ESC1002 : Introduction to sport and exercise psychology
- Offered for Year: 2018/19
- Module Leader(s): Dr Luke Wilkins
- Lecturer: Dr Gary Robinson
- Owning School: Biomedical Sciences
- Teaching Location: Newcastle City Campus
|Semester 1 Credit Value:||20|
This module aims to introduce students to the area of sport and exercise psychology. The module provides an overview and an examination of psychological factors which influence individual and group behaviour in sport and exercise. The module also aims to critically examine, evaluate, and apply psychological principles, theory, and research within sport and exercise.
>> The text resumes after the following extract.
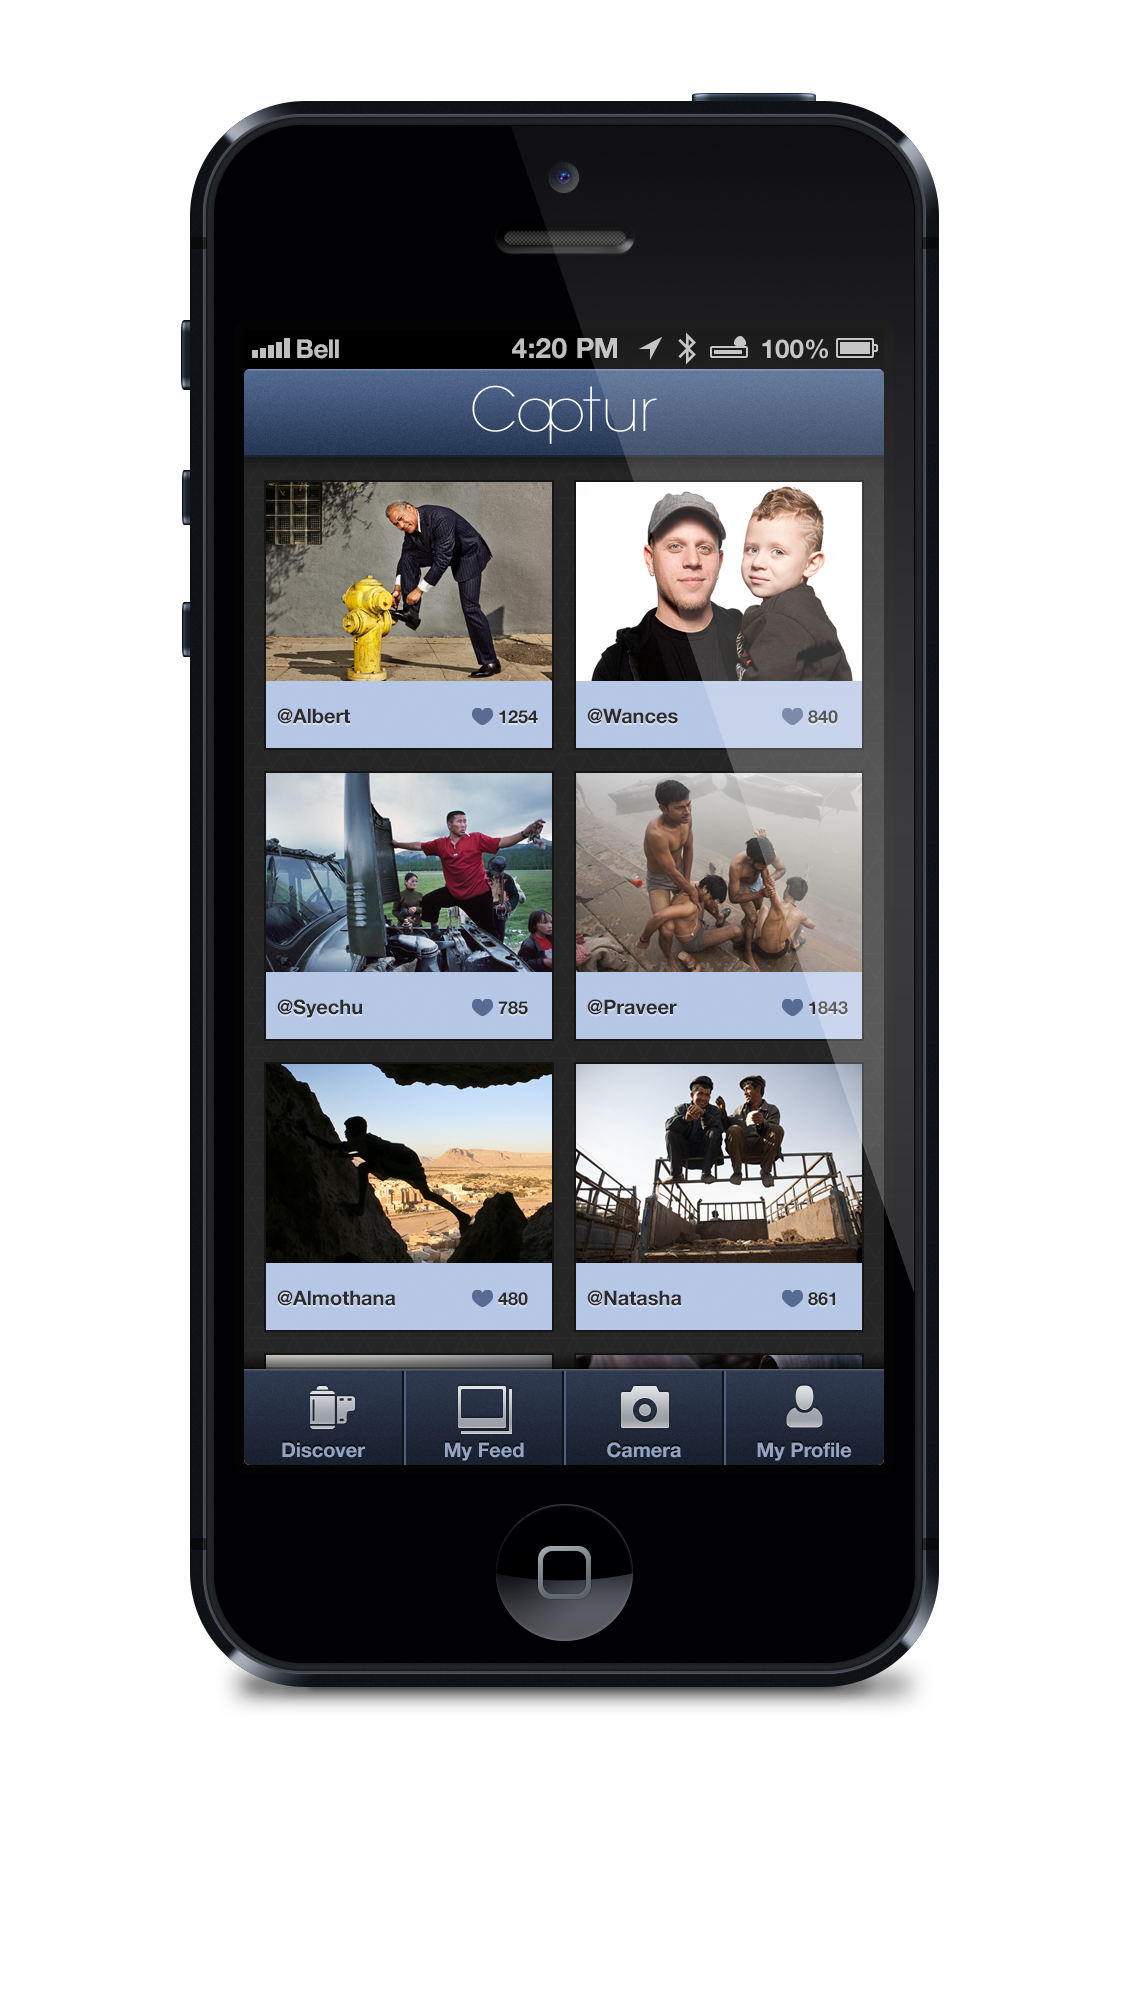 sidharth sidharthsankh capture user interface user exprience  photo application photo & video iOS icon

Practical and ethical issues in sport and exercise psychology will also be examined.
Outline Of Syllabus
Students will cover a broad range of topics within sport and exercise psychology as outlined below;
Learning about Participants
• Arousal, Stress and Anxiety
Understanding Sport and Exercise Environments
• Competition and Cooperation
• Feedback, Reinforcement, and Intrinsic Motivation
Focusing on Group Processes
• Group and Team Dynamics
• Group Cohesion
• Arousal Regulation
• Goal Setting
Enhancing Health and Well Being
• Exercise and Psychological Well Being
• Exercise Behaviour and Adherence
• Athletic Injuries and Psychology
• Addictive and Unhealthy Behaviours
• Burnout and Overtraining
|Guided Independent Study||Assessment preparation and completion||1||80:00||80:00||Preparation for and completion of examination|
|Scheduled Learning And Teaching Activities||Lecture||11||2:00||22:00||N/A|
|Guided Independent Study||Assessment preparation and completion||1||83:00||83:00||Reading around lectures|
|Scheduled Learning And Teaching Activities||Small group teaching||5||1:00||5:00||Seminars - essay writing preparation|
|Guided Independent Study||Student-led group activity||5||2:00||10:00||Preparing student presentations|
Teaching Rationale And Relationship
Weekly lectures will provide students with an understanding of the core topics and include relevant theory and empirical content to present an overview of the key information. They may also comprise of directed reading and problem-based case studies. There will be opportunities to generate group discussion and to enable students to develop skills in interpreting data within a theoretical framework, critical thinking, creative problem solving skills, and an ability to link theory to practice. The seminars will act as preparation for the open-book written exam. They will take a flipped classroom approach whereby the students will be expected to turn up having written a short essay style answer to a question set based on one of the previous lectures. The students will first peer-mark each other’s work, before having some general feedback and guidance on the question.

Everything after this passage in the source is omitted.